The UKA proposals also include a global public register of all drugs tests, that the supply and procurement of performance-enhancing drugs be criminalised and for national federations to pay compensation to athletes denied by drug cheats in what it called “the new clean athletics era”.

British sportsmen and women previously found guilty of doping offences had been banned by the British Olympic Association from ever competing in a British vest at the Olympics, but that was overturned by the Court of Arbitration for Sport in the lead-up to London 2012.

The World Anti-Doping Agency (Wada) is currently opposed to lifetime bans for athletes and its current code is not due to be revised until 2021. Any proposal to push for lifetime suspensions is likely to fall on deaf ears.
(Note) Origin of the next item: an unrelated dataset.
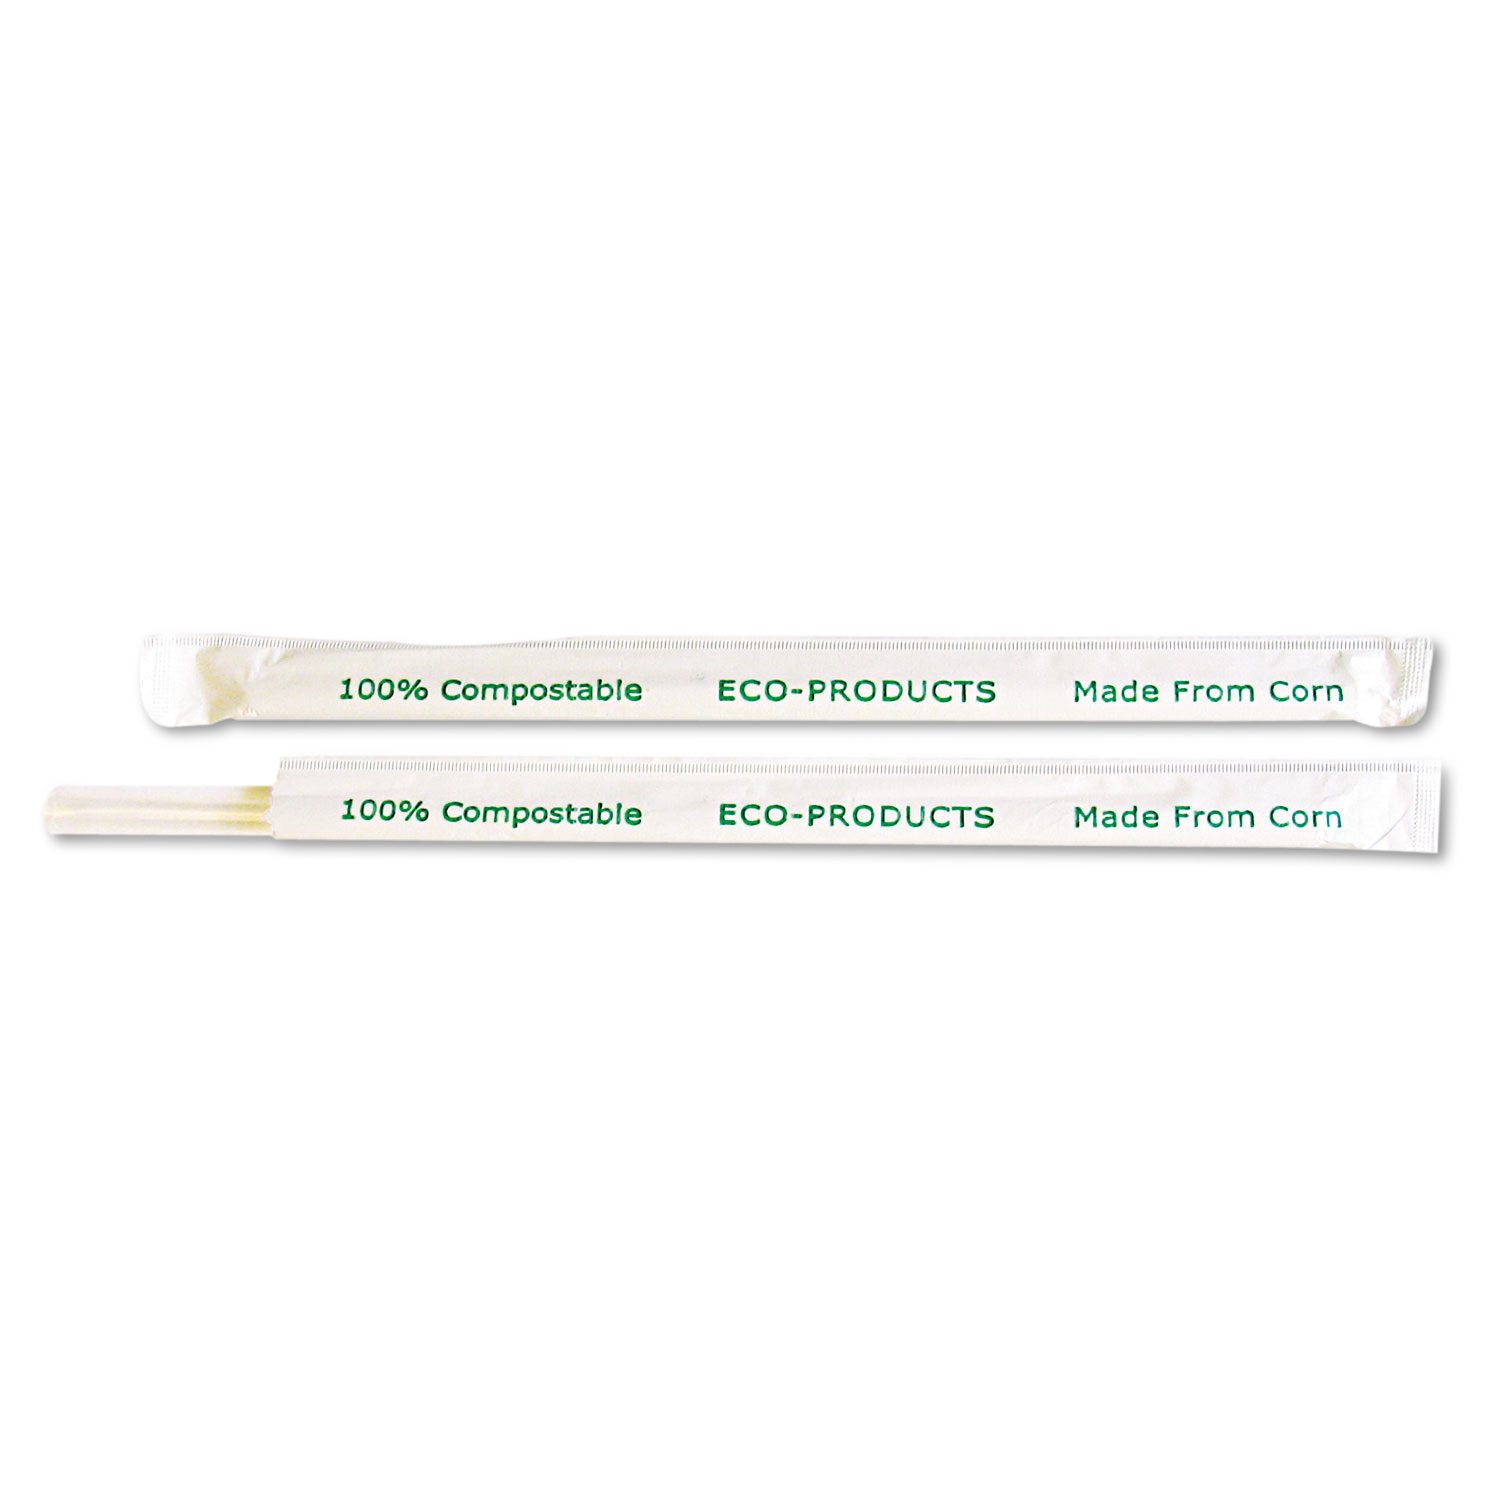  Eco-Products EP-ST770 7.75 Clear Wrapped Straw - Case, 400/PK, 24 PK/CT (ECOEPST770)

However, the UKA chairman, Ed Warner, said: “This may be seen by many as a mission impossible, but we have to go for what’s perceived as the impossible.

“What we’re saying is let’s go up from four-year bans for the most serious offences and what we’re saying is we don’t want to pick drug cheats for the British team. I know the BOA couldn’t make it stick, but we need to at least give it a go.”

Warner, who discussed the proposals in question with the International Association of Athletics Federations president, Sebastian Coe, yesterday, defended the proposal to eradicate Radcliffe’s long-standing record.

He said: “This is about, for example, the sprint events and the records of Florence Griffith Joyner in the 100m and 200m.

“If, say, Dafne Schippers gets close to those, then people say she must be a cheat and that’s not right.

“So this is not about being partisan with three British athletes in those record books, this is about what’s right for the future of our sport.”

Warner added that Coe “is in favour” of picking off those records that are clearly wrong and said: “If he can do that, then wonderful and let’s get on with it.”

The IAAF faces another week of potentially devastating headlines with the publication of the Wada independent commission’s second report in Munich on Thursday into the doping scandal to have engulfed athletics.

On Friday, the IAAF sent a 30-page response to the independent commission’s first report, which uncovered what it called state-sponsored doping in Russia and which saw the IAAF accused of “systemic failures”.

The governing body reacted angrily as it made its response public yesterday. In conclusion, it said: “While the IAAF certainly cannot be and is not complacent, and understands that more always can and should be done, with the greatest respect it does not accept the suggestion in the IC report that there are ‘systemic fails within the IAAF… that prevent or diminish the possibility of an effective anti-doping programme’.”

It also denied that corruption was widespread within the organisation, insisting in its reply that “only a very small number of individuals formerly associated with the IAAF are believed to have been involved in the alleged corruption of these four cases”.